§ Data provided

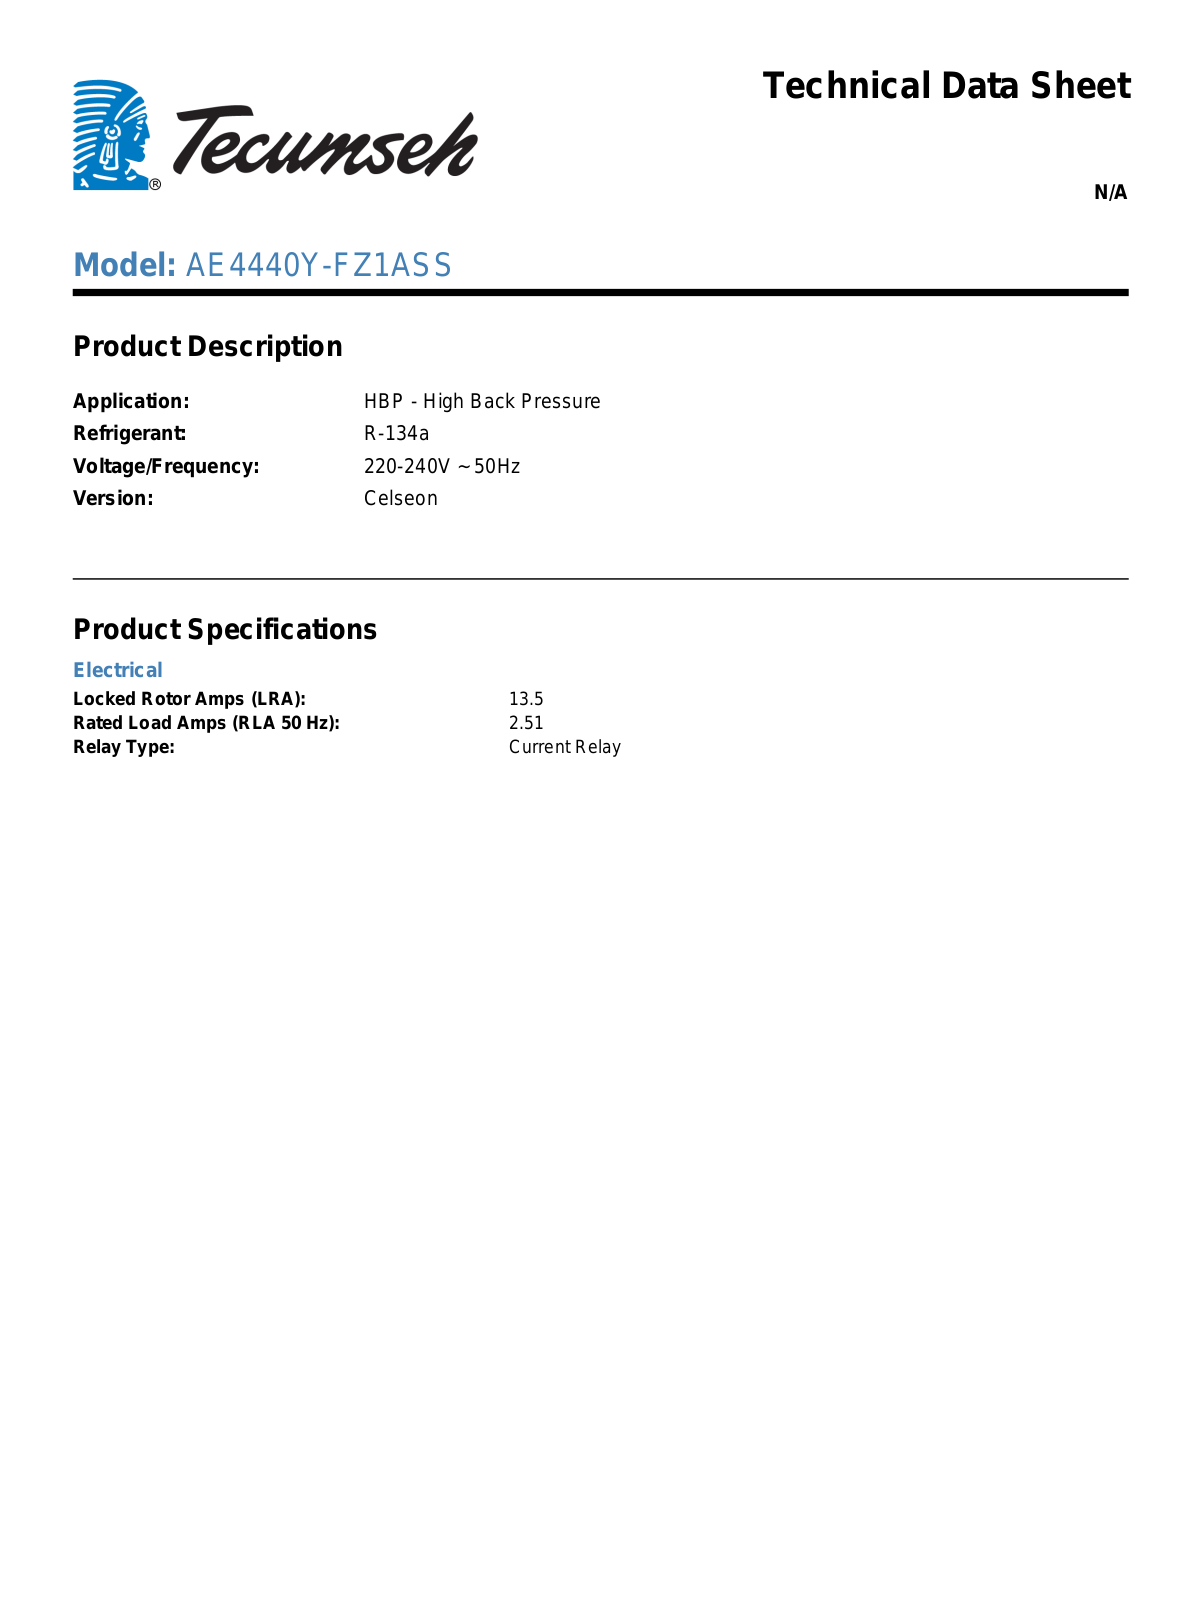 Tecumseh AE4440Y-FZ1ASS User Manual
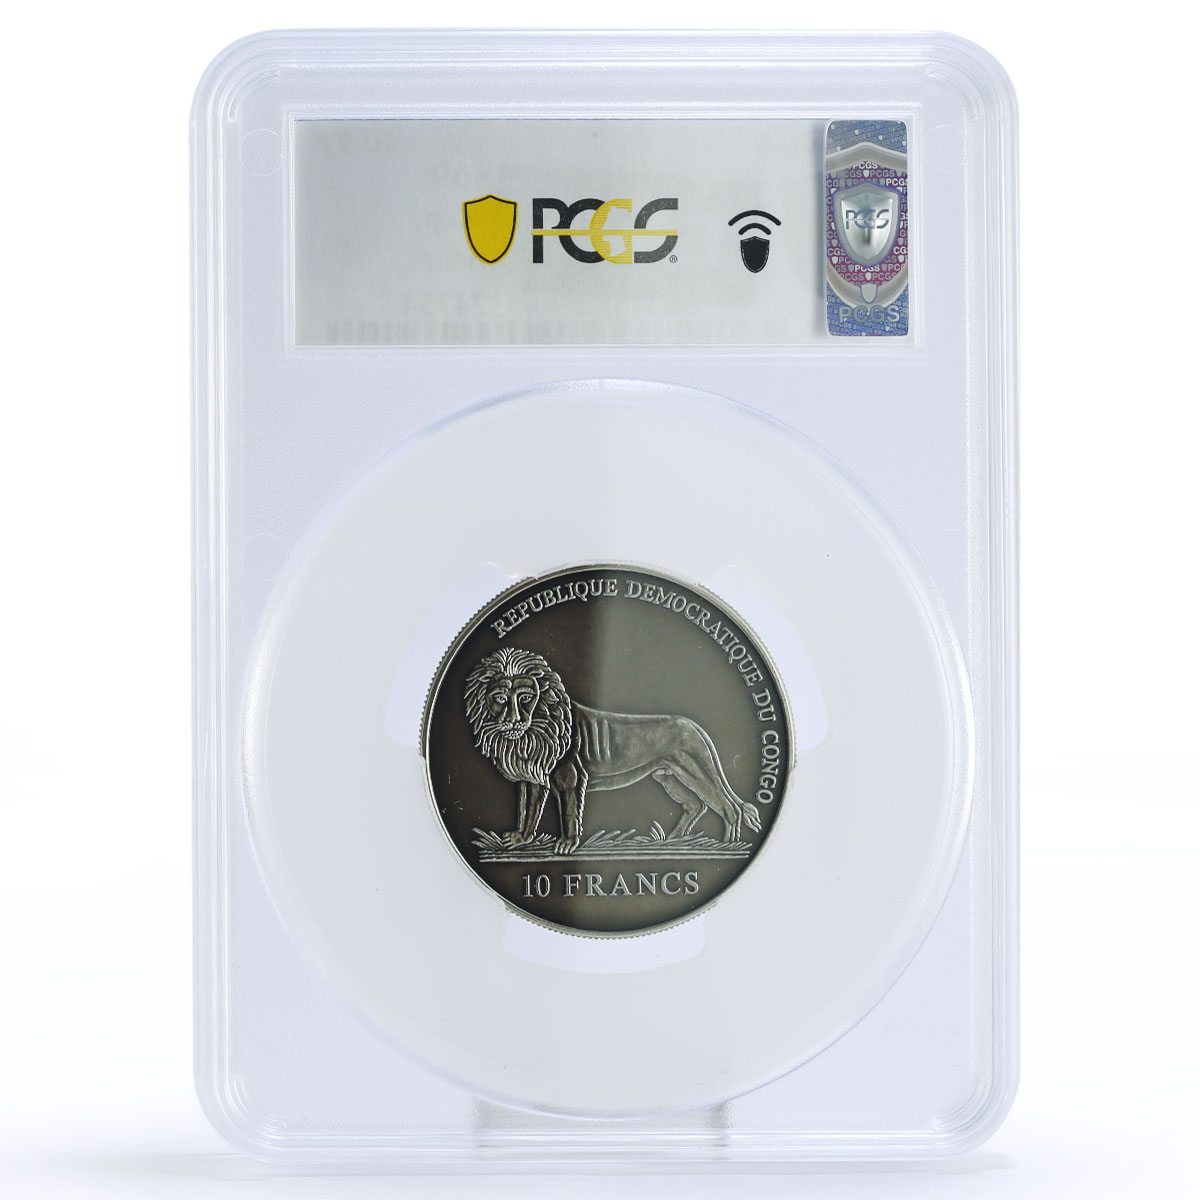 Congo 10 francs 50 Year Rotating Calendar MS69 PCGS silver coin 2004
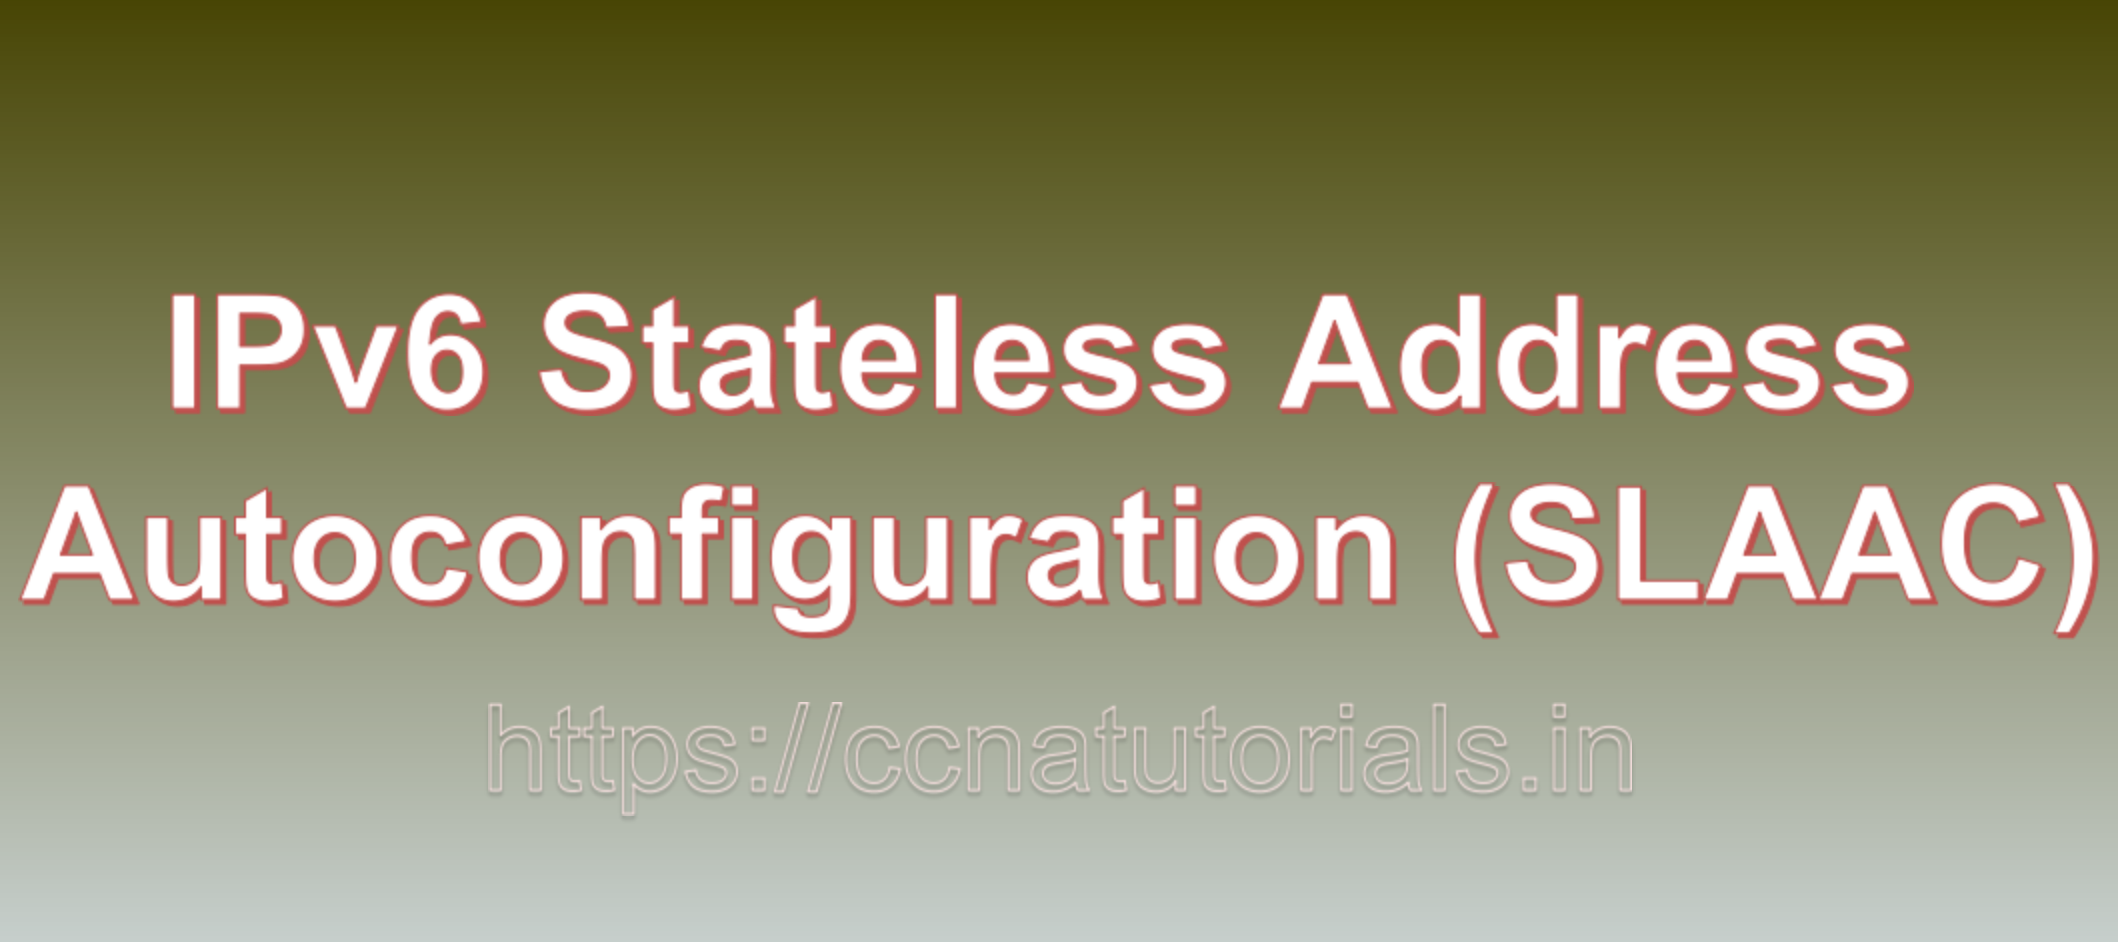 IPv6 Stateless Address Autoconfiguration (SLAAC), ccna, CCNA TUTORIALS

§ Task item
Locate "Congo 10 francs" in the listing above, then print exactly the lines from that line through the final one, omitting all pictures.

§ Result of this exercise
 Congo 10 francs 50 Year Rotating Calendar MS69 PCGS silver coin 2004
 IPv6 Stateless Address Autoconfiguration (SLAAC), ccna, CCNA TUTORIALS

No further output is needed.